Since the expression and importance of the major substrate of MP, MLC20, decreases in SKM, we assumed that MP targets alternative substrate(s) in SKM. Moreover, we have identified Na+/K+-ATPase as a MYPT1 interacting protein using a pull-down assay followed by mass spectrometry analysis from a mouse synaptosome extract [36]. Thus, we examined the expression and activity of Na+/K+-ATPase in our current model system. Na+/K+-ATPase is a widely expressed transmembrane protein, which is essential to maintain whole body homeostasis as well as muscle function [37]. Its expression was found to increase in hyperthyroid muscle [38]. First, we studied the interaction between the Na+/K+-ATPase and MYPT in the C2C12 mouse myoblast cell line. Na+/K+-ATPase and MYPT were reciprocally co-precipitated. These data suggest that the Na+/K+-ATPase is capable of binding to MP, possibly through its regulatory subunit (Figure S5). The G-protein-coupled muscarinic receptor mimetic carbachol, as a positive control [39], and the PP1 selective inhibitor tautomycetin were applied on muscle strips, and the phosphorylation of Na+/K+-ATPase was assessed. Both the carbachol and TMC increased the phosphorylation of Ser23 in the α1 subunit of Na+/K+-ATPase (Figure 7A). We also investigated the effect of T3 treatment and/or SMTNL1 overexpression on Na+/K+-ATPase in C2C12 myotubes. T3 treatment alone and in combination with SMTNL1 overexpression significantly elevated Na+/K+-ATPase expression by 41 and 32%, respectively, while it remained unchanged upon SMTNL1 overexpression (Figure 7B). The phosphorylation of Na+/K+-ATPase on Ser16 and Ser23 residues was significantly increased in response to all the conditions (Figure 7C,D). These results indicate that both T3 and SMTNL1 regulates the activity of Na+/K+-ATPase by increasing its phosphorylation through the inhibition of distinct MYPT isoforms.

3. Discussion

Thyroid hormones are key regulators of the development, regeneration, metabolism and myogenesis of SKM [40]. Myogenic differentiation is a highly coordinated process, which is essential for the development and regeneration of SKM. During differentiation, myoblasts undergo remodeling and fuse to form multinucleated, contractile myotubes in parallel with an increased expression of muscle-specific proteins that coordinate the contractile and metabolic functions of SKM. Moreover, SMTNL1 expression is increased in SKM during development [26]. These data correlate with our findings that SMTNL1 overexpression moderately promoted the differentiation of C2C12 myoblasts to myotubes by increasing the levels of myogenic markers, such as MyHC and desmin (Figure 1). Moreover, SMTNL1 overexpression alters the phenotype of differentiated cells creating smaller myotubes (Figure S1).
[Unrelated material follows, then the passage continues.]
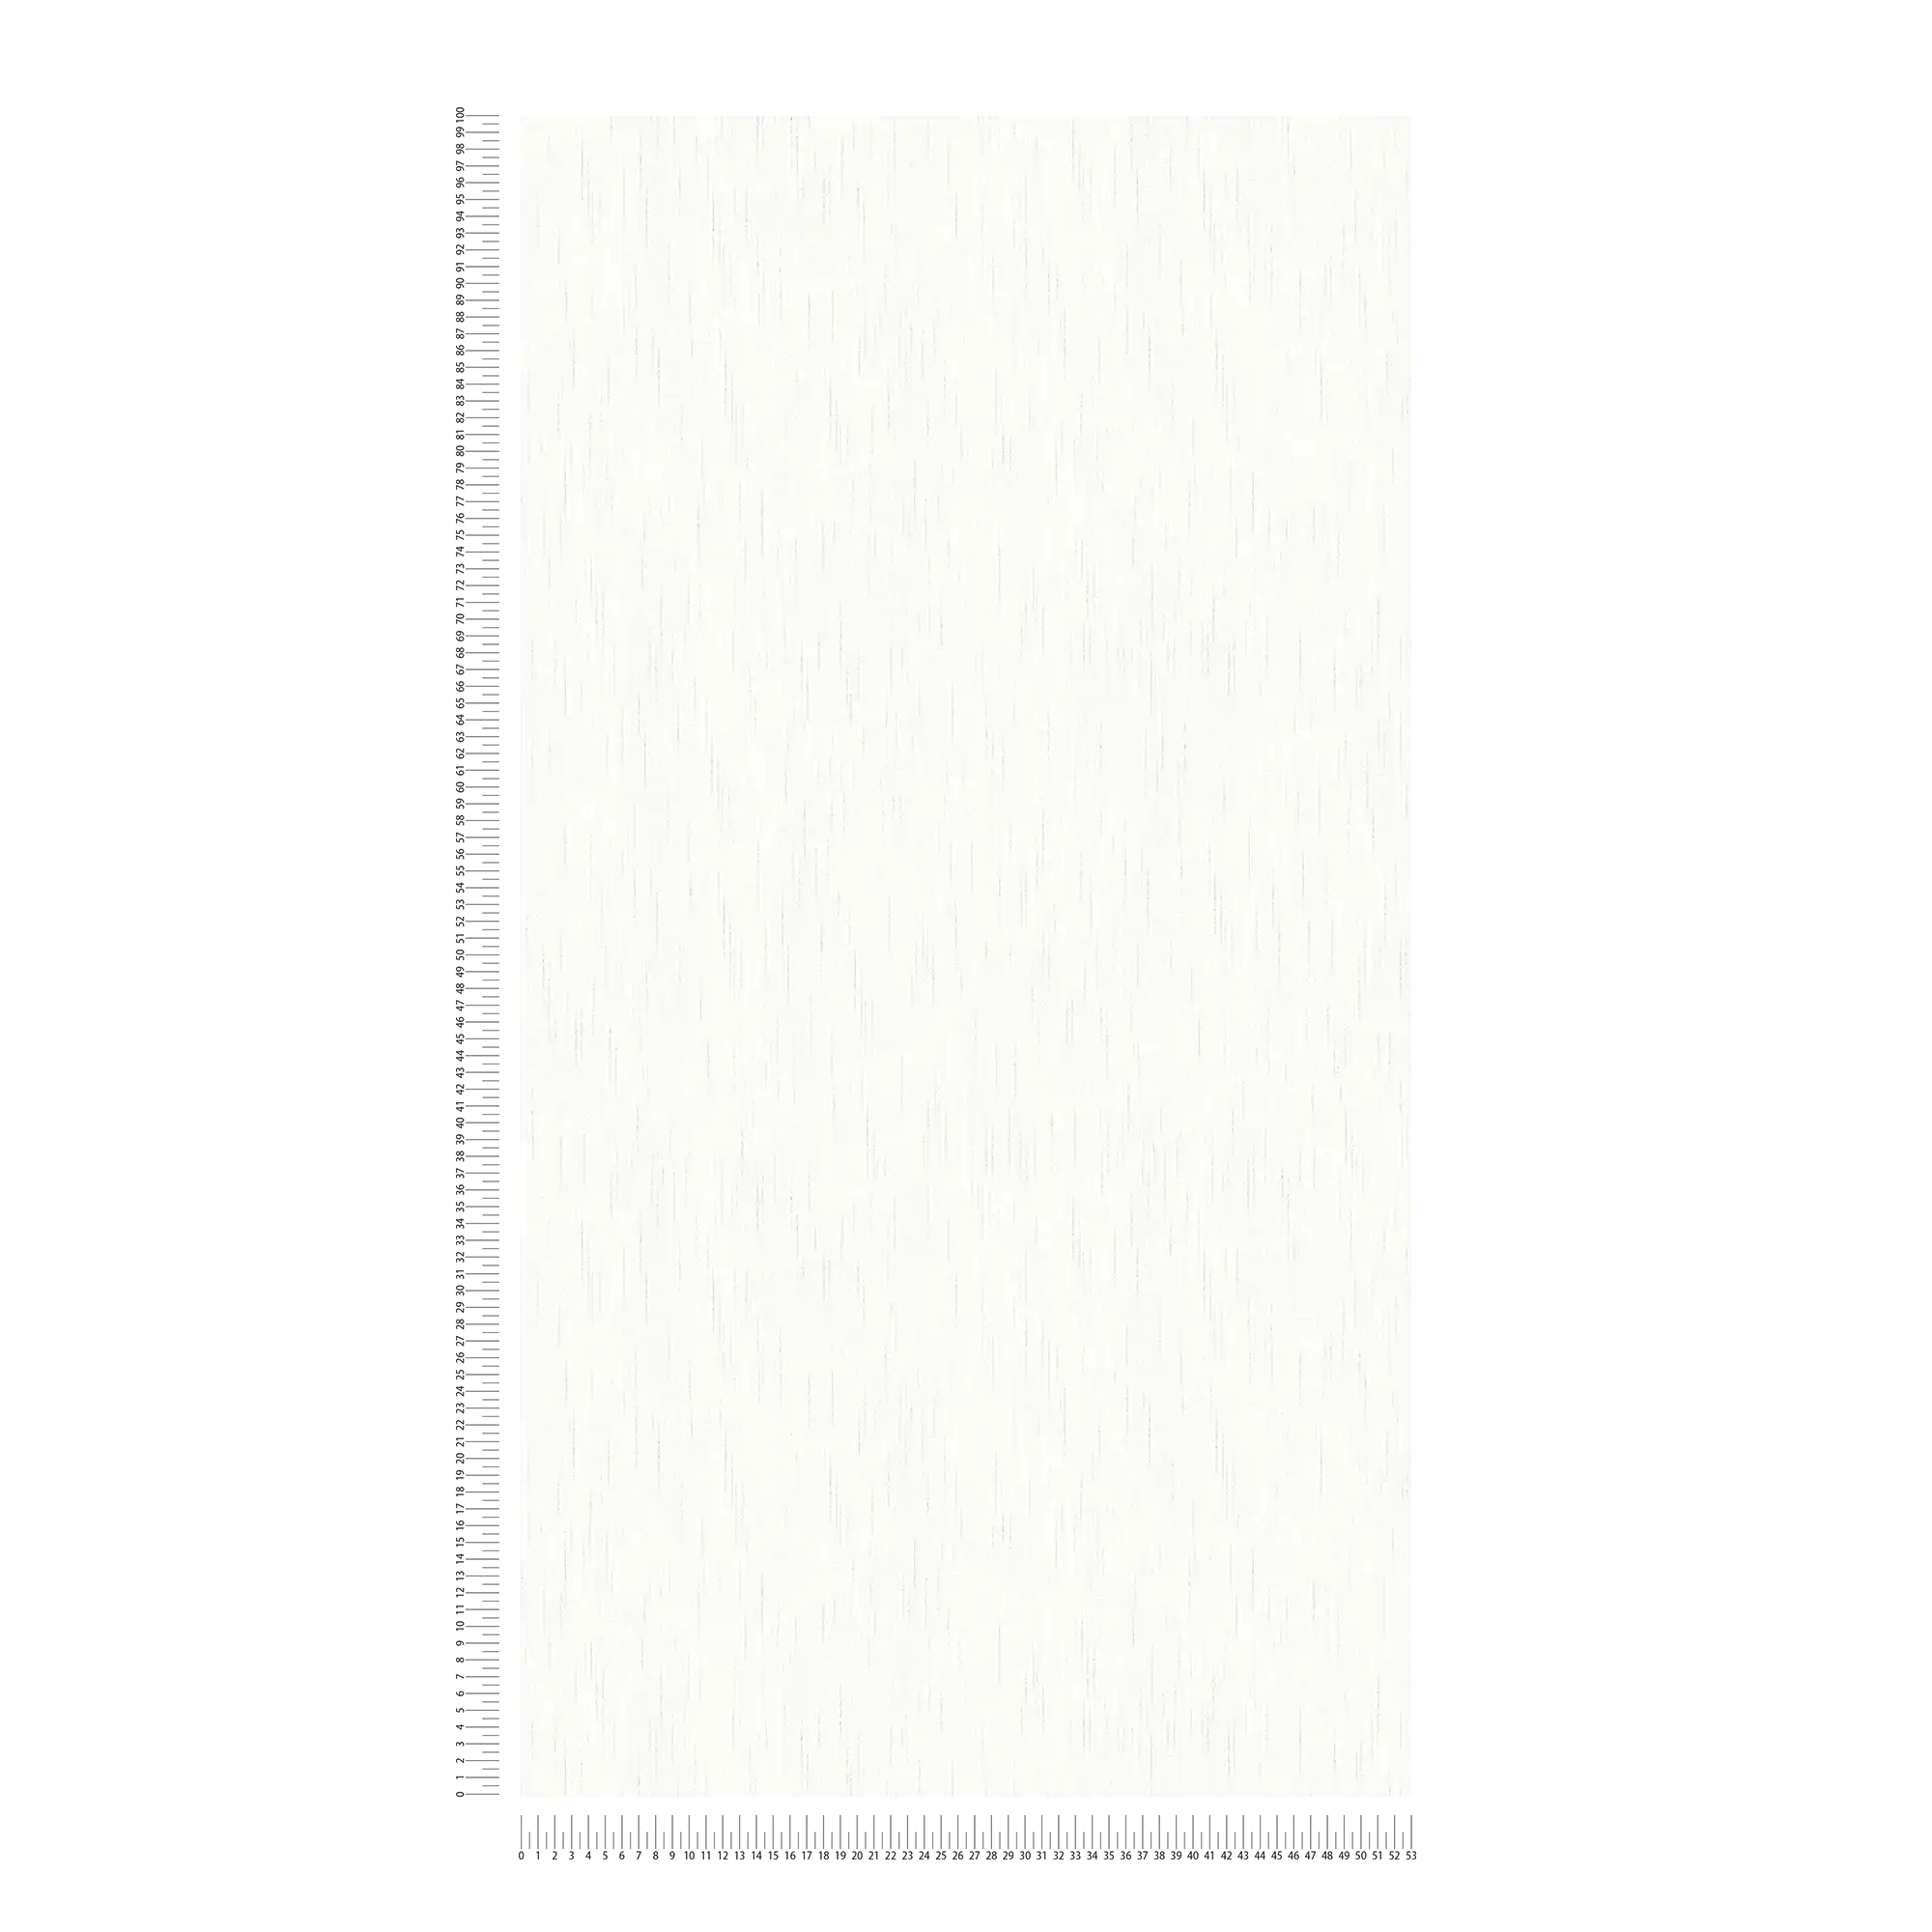             Carta da parati a tinta unita in tessuto non tessuto bianca con fili metallici screziati

In humans, the T3 level is maintained at low at the beginning of the myogenic process but it is increased parallel with the elevation of DIO2 upregulation [41]. It supports our data on C2C12 cell differentiation showing a significant increase in DIO2 expression upon T3 treatment; however, it markedly decreases in response to prolonged T3 treatment, suggesting a negative feedback mechanism (Figure 2B). The effect of MCT8 in myogenesis is debated since MCT8KO mice presented the same motor activity as WT mice [42]. In accord with that, we observed modest changes in MCT8 levels under each experimental setup during differentiation (Figure 2A). TRα was also changed during myoblast differentiation and showed a significant decrease upon prolonged T3 treatment (Figure 2C). TRα is crucial in the proliferation, migration and differentiation of myoblast cells and TRαKO mice showed impaired muscle regeneration [43]. In addition, SMTNL1, a co-regulator of TRα expression, is downregulated by supraphysiological T3 concentration and it hampers TRα expression [27]. Collectively, the C2C12 model proved to provide a sufficient hyperthyroid model for myogenesis with similar effects to that shown in human SKM. The effect of SMTNL1 in combination with the supraphysiological T3 level did not change the cell viability of differentiated C2C12 cells, suggesting that it has an impact not on the proliferation but the differentiation process itself [27].
The expression of MYPT isoforms and the enzyme activity of MP have already been assessed by Wu et al. [33] during C2C12 myoblast differentiation; they reported an increase in the expression level in MYPT2 and a decline in the MYPT1 isoform. These findings are supported by our data showing a slight increase in MYPT2 and a non-significant decline of MYPT1 expression (assessed by an anti-MYPT1−38 antibody that recognizes the MYPT1 isoform) [44] with no significant changes in PP1cδ expression (Figure 3). Interestingly, a supraphysiological T3 level elevated MYPT2 and PP1cδ expression but had no effect on MYPT1 expression, suggesting a selective regulation of MYPT isoforms. Surprisingly, the PP1-MYPT1 complex functioned even in differentiated C2C12 cells [33] and MYPT1 expression but not MYPT2 expression, was regulated by SMTNL1 (Figure 6A,B). Since MYPT1 and MYPT2 coding genes are located on chromosome 12q15–q21.2 and 1q32.1, respectively [14], their differential gene expression regulation is feasible. MYPT1 expression showed a significant decrease upon SMTNL1 overexpression, which was independent of T3-exposure in myoblasts and myotubes as well. It is in line with previous findings, showing that SMTNL1 downregulates the gene expression of MYPT1 in SKM [28]. MYPT2 expression is independent of SMTNL1 overexpression, which might be explained by the fact that SMTNL1 and MYPT1 are expressed exclusively in type 2A SKM fibers, while MYPT2 showed a homogenous distribution [28]. In the course of C2C12 differentiation, a shift from type 1 to 2A than to 2X and type 2B fiber marker proteins has been observed [45] and supraphysiological T3 exposure promotes this shift [46], supporting this hypothesis.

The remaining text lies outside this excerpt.